Rinku Rajguru as Archie in Sairat
Rajesh Mapuskar, who, after having worked in Bollywood, made Ventilator in Marathi with Ashutosh Gowariker and Priyanka Chopra on board, agrees. “We are reaping the benefits of all the work done by writers, directors and producers a few years ago. They made quality films within a budget of Rs 75 lakh to Rs 1 crore,” says Mapuskar. “Investors are interested because of the growth potential. Though the expression is strictly Marathi, the presence of Bollywood and its marketing strategies help in attracting attention. People still call me because Priyanka is associated with the movie.” He believes that after his film Shwaas won the National Award for the best film (President’s gold medal) in 2004, a different kind of energy was infused into Marathi cinema and many filmmakers ventured into making films on all kinds of subjects – rural, urban, literature-based, realistic. Soon the numbers started showing too. From 30-odd films in 2004, the number went to over 50 in 2010 and has now reached more than 100 films per year.
“It is an important indication that theatres showed Sairat instead of Hindi movies. It is really a golden period for Marathi cinema where many kinds of films are being made,” says Amruta Subhash, who was brilliant in Killa and Astu, and in Anurag Kashyap’s Raman Raghav 2.0. “That Priyanka Chopra produced a Marathi film before a Punjabi film says a lot. And she chose a film like Ventilator, driven by good content,” she adds. “Then there is a separate Filmfare for Marathi now. It is a great sign people are looking to do regional cinema.” What’s refreshing is that no subject is taboo—Katyar Kaljat Ghusli, a musical film on a sangeet natak written decades ago; Fandry, a film about a Dalit boy whose family is entrusted with killing pigs; Yellow, a true story of a girl with Down syndrome who swam in the Paralympics; Deool, a film that questions God and religion and politics around it; BP, a film on school children trying to watch an adult film, and of course Court and Killa.

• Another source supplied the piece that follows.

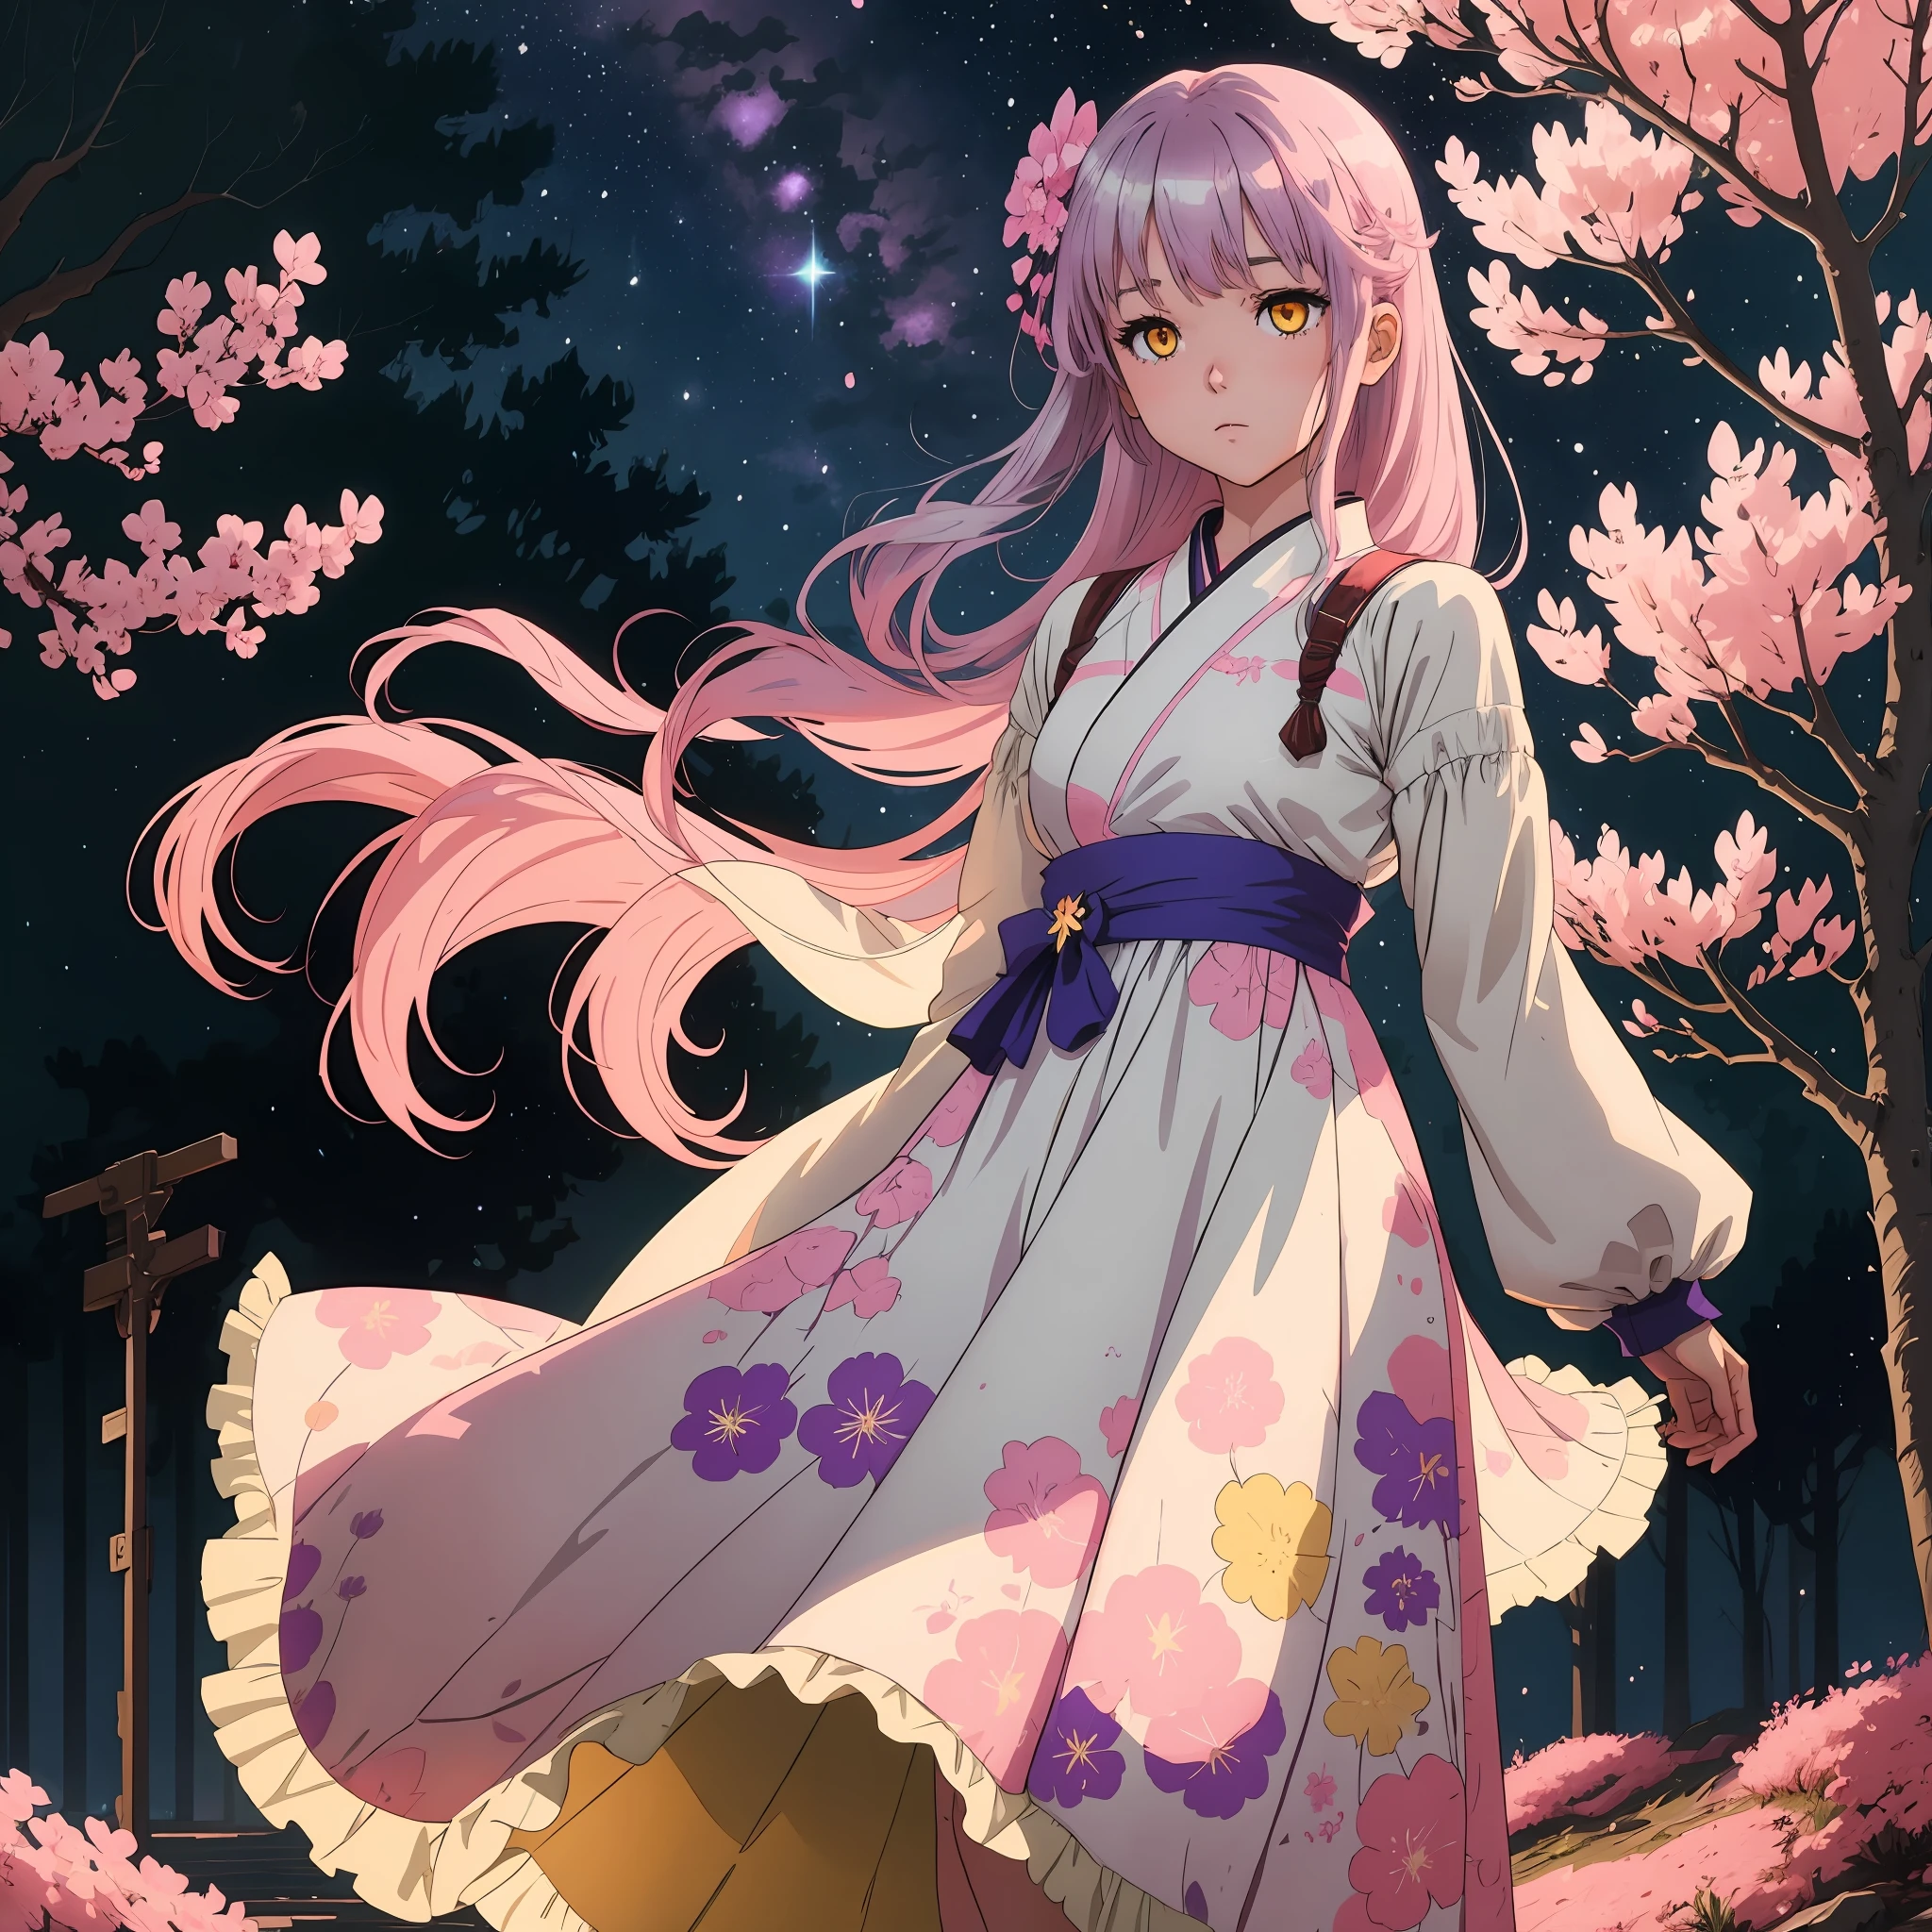 Una chica anime 2d de cabello plateado con ojos amarillos brillantes y Sakura rosa en su cabello con un vestido de tul esponjoso lavanda de pie bajo el cielo nocturno estrellado sola rodeada de árboles de Sakura

Marathi cinema, fed by regional theatre and literature, has produced many gems in the past, but the entry of new producers like Zee, which made two of the biggest films of this year, Natasamrat and Sairat, has fired the market. “Everyone is getting on the Marathi bandwagon and that’s worrying, but in Marathi the script is the hero,” says Nikhil Sane of Zee films. “Three generations of directors, starting with Mahesh Manjrekar to Ravi Jadhav, and now Nagraj Manjule, have made sure people come looking for a story.” With that, distribution has become easier. “Take the example of my film Astu,” says Subhash. “We won awards for the film but because of challenges in distribution, it was not seen by many people. With producers like Zee that has changed.” Along with the so-called art films, many ‘formula’ films, such as Mumbai-Pune-Mumbai, Lai Bhaari, Duniyadari and Timepass, have also been hits.

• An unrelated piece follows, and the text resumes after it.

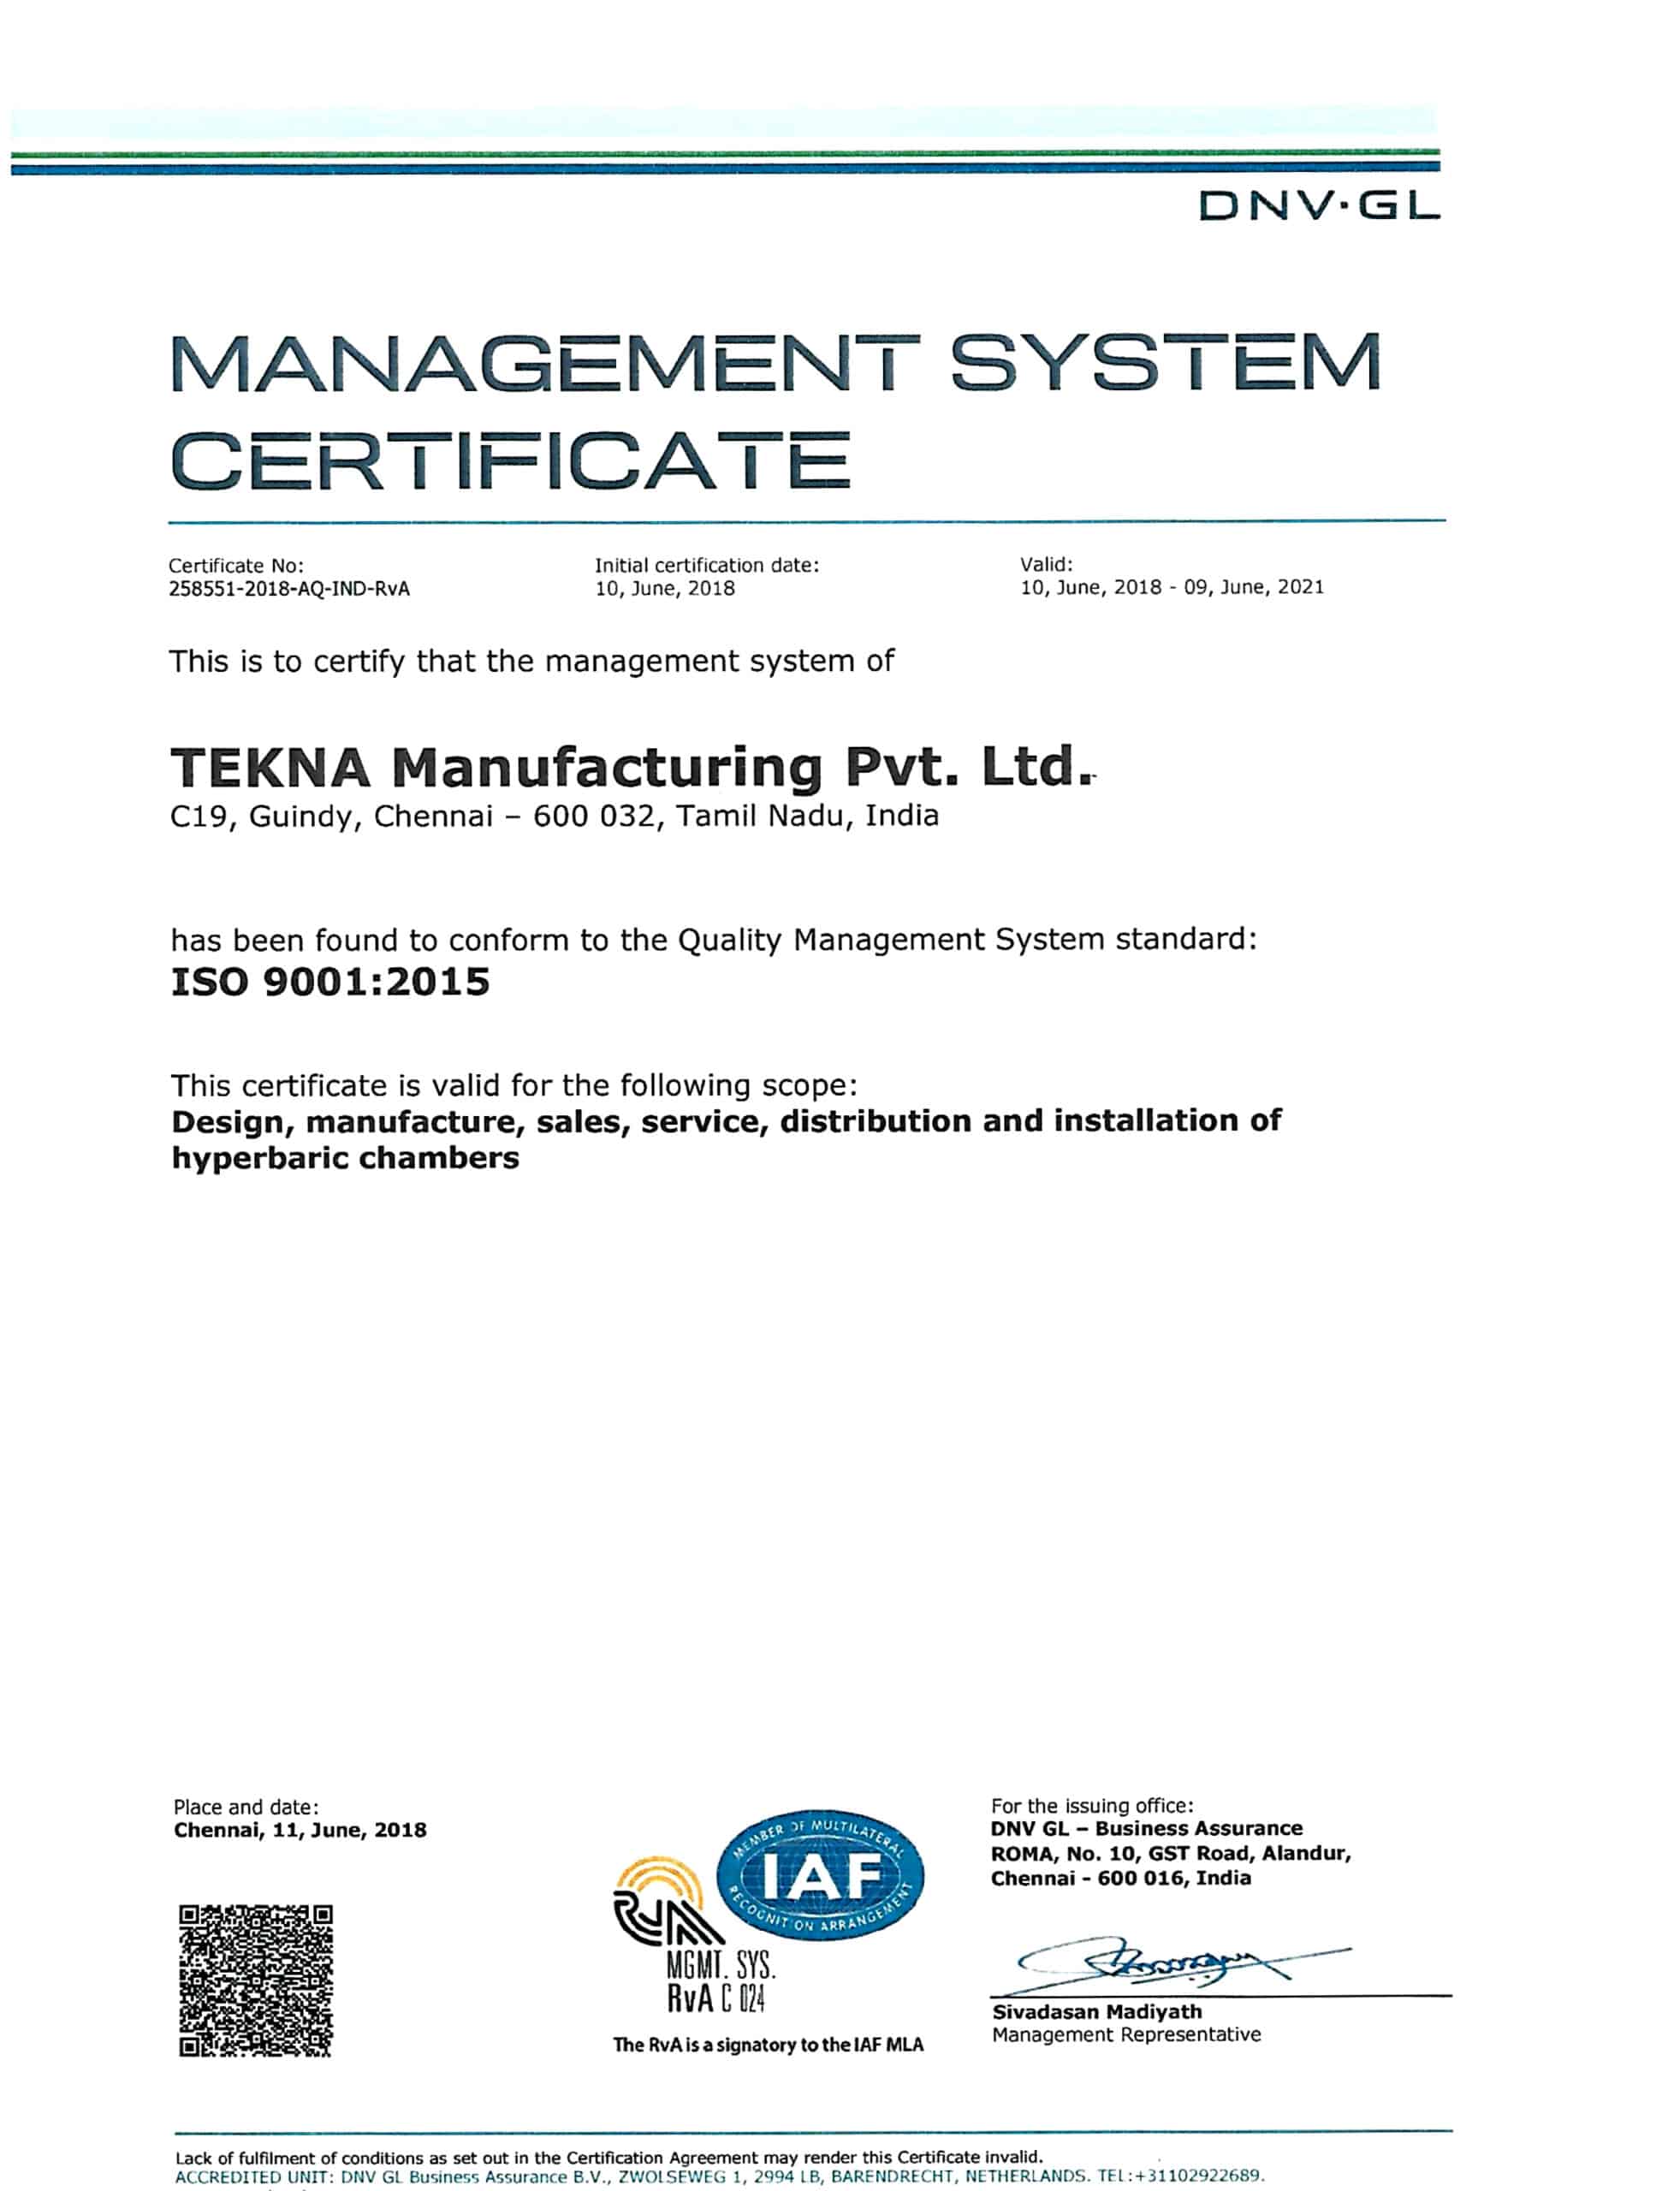 TEKNA VERVAARDIGING ISO 9001-2015

(Top) Jitendra Joshi and Ashutosh Gowariker in Ventilator (below left) a still from Jaundya Na Balasaheb (below right) a still from Avinash Arun’s 2014 film Killa
But isn’t the number of hits still few for an industry producing over a 100 films each year? “Yes, the number of films and kinds of films are plenty but the success ratio is small, barely five or six films can be called hits,” says Mahesh Manjrekar, who recently made Natasamrat, Me Shivajiraje Bhosle Boltoy and Kakasparsh. “Currently everybody thinks they’ll make money. But producers are getting fooled by the government subsidy, satellite rights and a promise of huge returns,” he adds.
Girish Kulkarni, one half of the Umesh-Girish duo that gave films like Deool and Vihir, says the big positive from the increase in number of films is that it creates more employment. “Quantity has an adverse impact on quality. The eligibility criteria get lowered and it becomes easy to become writer or director.” He recently made Jaundya Na Balasaheb (Let it go Balsaheb), a political satire.

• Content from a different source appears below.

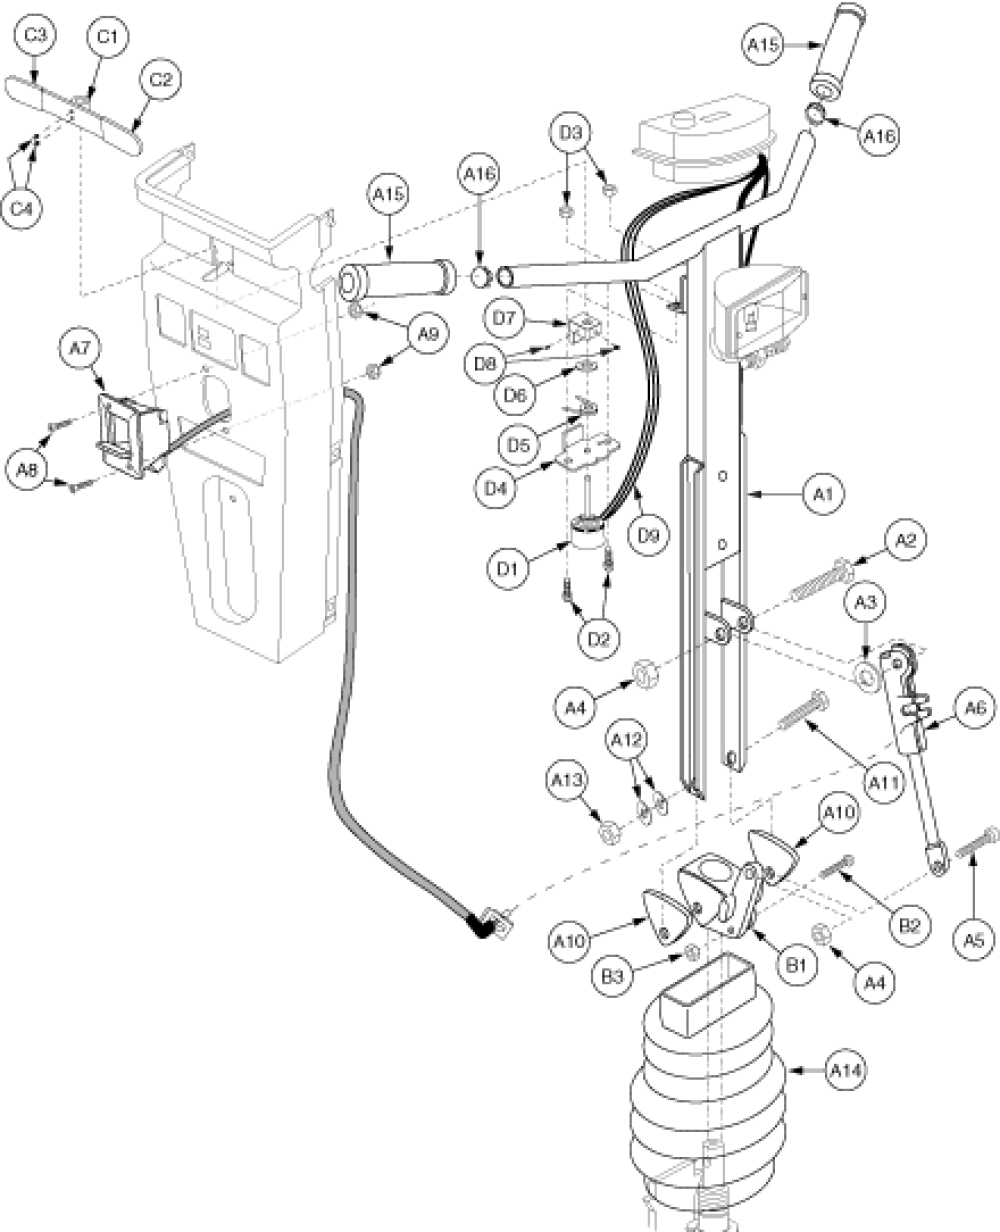 Frame Assembly - Tillerg2 parts diagram

The crowding of films has an obvious impact on the business. Though it’s easier now than before, a big Bollywood film can still push the Marathi film to some odd hour on the multiplex. Sachin Purohit, who produced Disco Sannya says splitting of screens means losses for everyone – quality or no quality. “The industry already has an overdose of creativity. But the business part of it is yet to be tackled,” says Nanubhai Jaisinghani, a veteran producer of Marathi films. He says there is no room for more than 40 Marathi films in a year. But going by the frenetic pace, nobody seems to be listening to his advice. Among the fans, the buzz about Ti Ani Itar and Zee’s upcoming romcom Ti sadhya kai karte” (What is she doing these days) has already gone Sairat.